=== Provided data ===

━━━

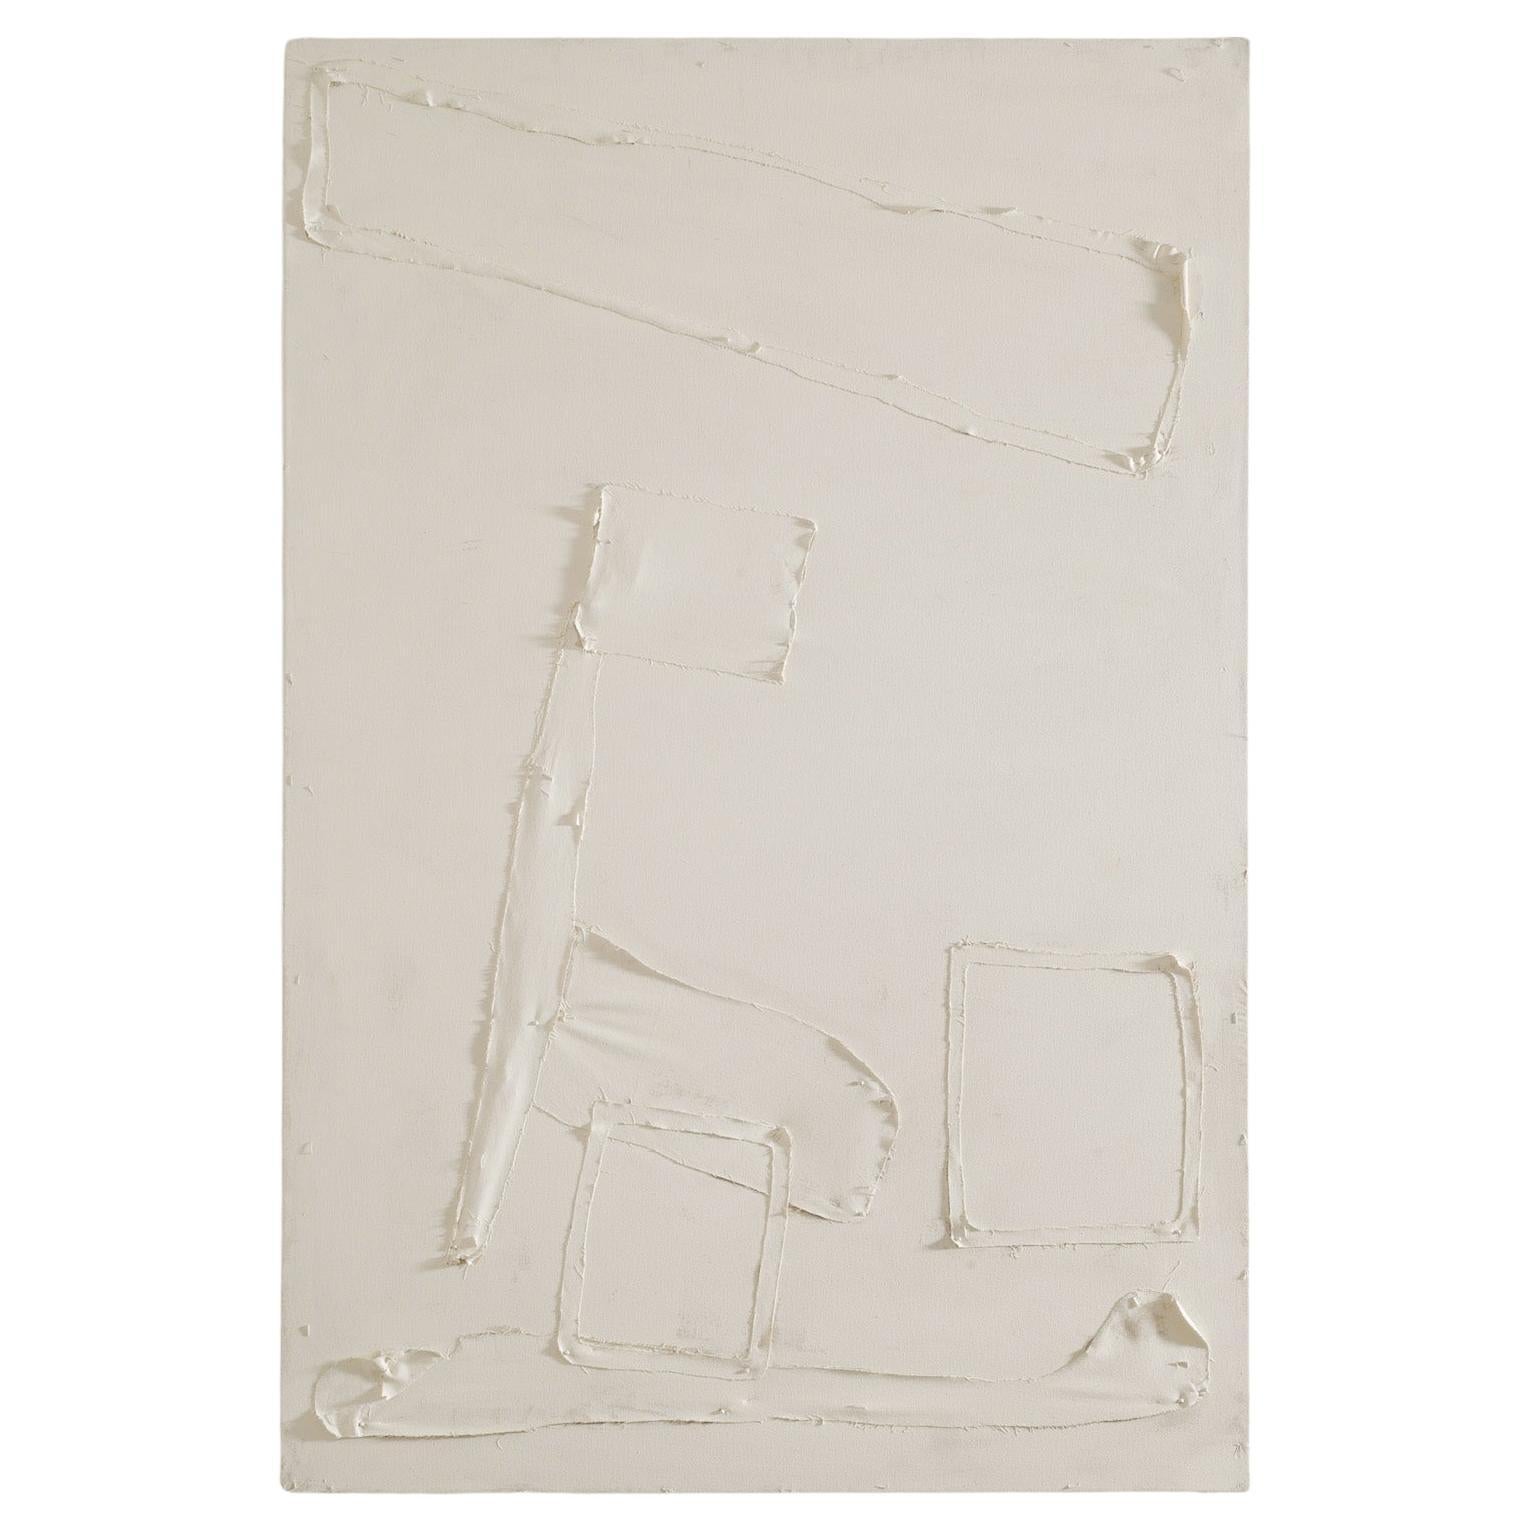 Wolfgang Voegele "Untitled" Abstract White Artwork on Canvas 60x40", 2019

━━━

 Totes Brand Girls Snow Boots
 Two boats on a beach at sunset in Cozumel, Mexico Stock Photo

━━━

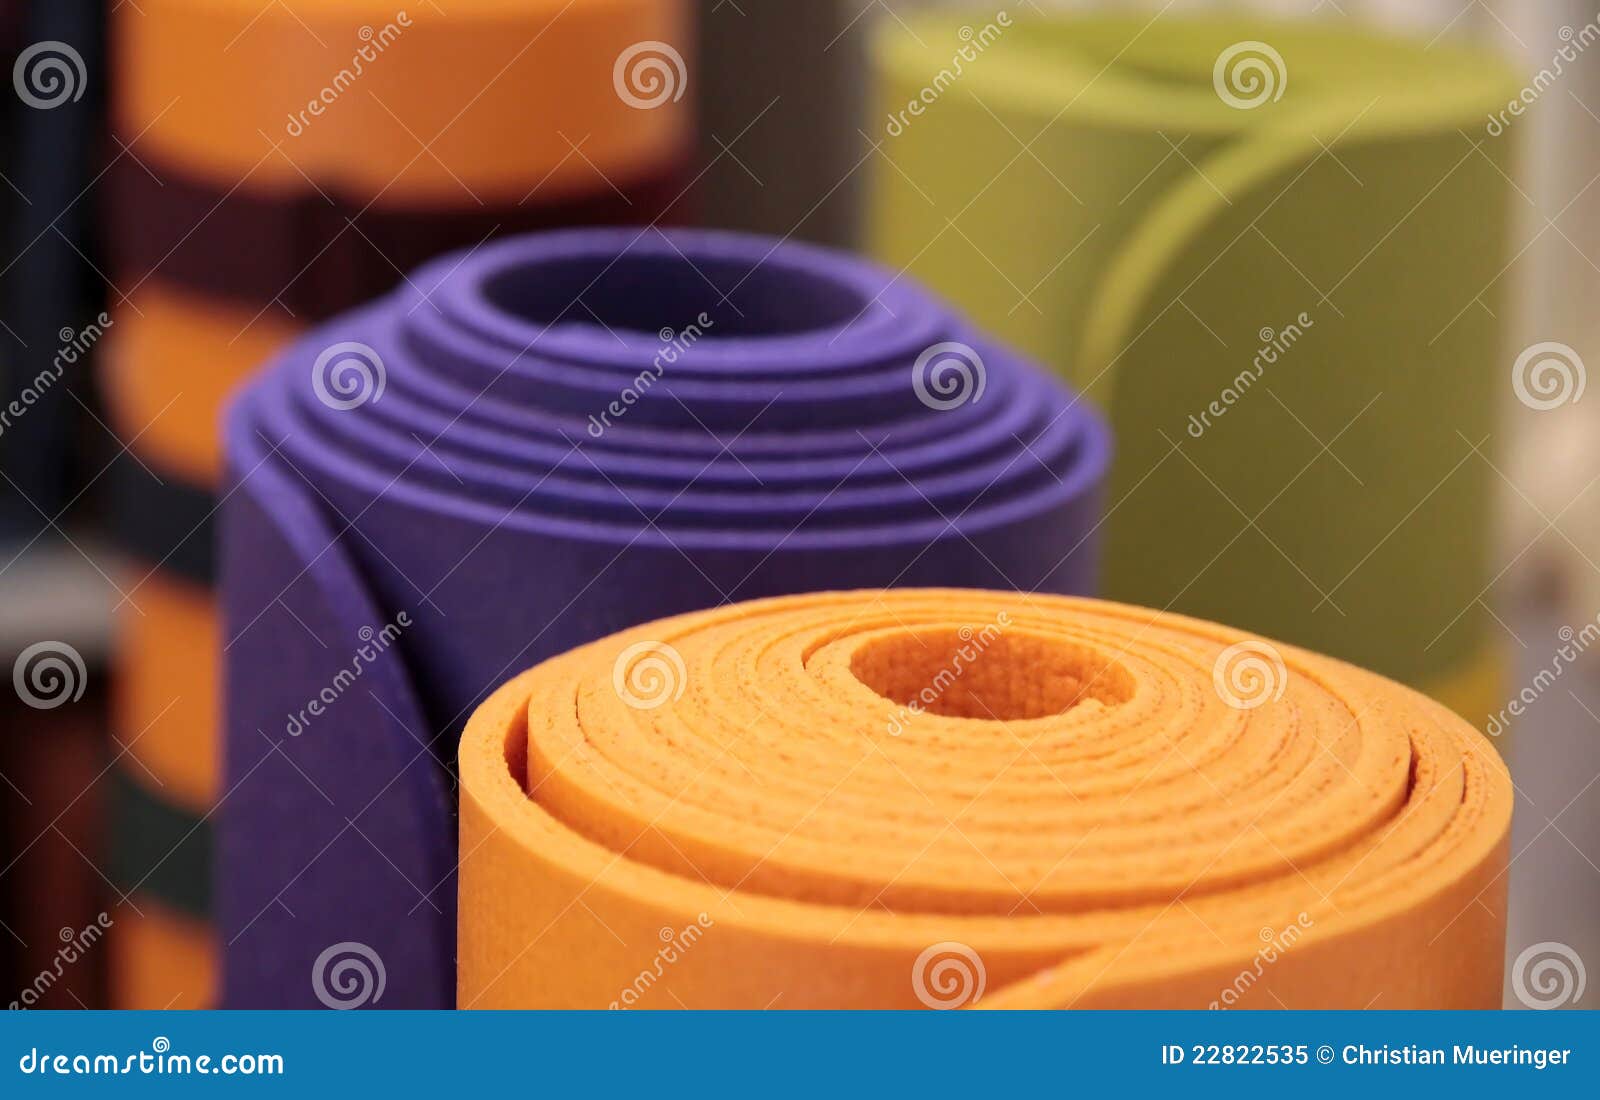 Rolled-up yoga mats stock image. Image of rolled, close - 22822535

━━━

=== Aim of the task ===
Restate word for word the entries above, starting at the line with "Totes Brand Girls Snow Boots" and ending at the line with "Two boats on", inclusive, and no others.

=== Response ===
 Totes Brand Girls Snow Boots
 Two boats on a beach at sunset in Cozumel, Mexico Stock Photo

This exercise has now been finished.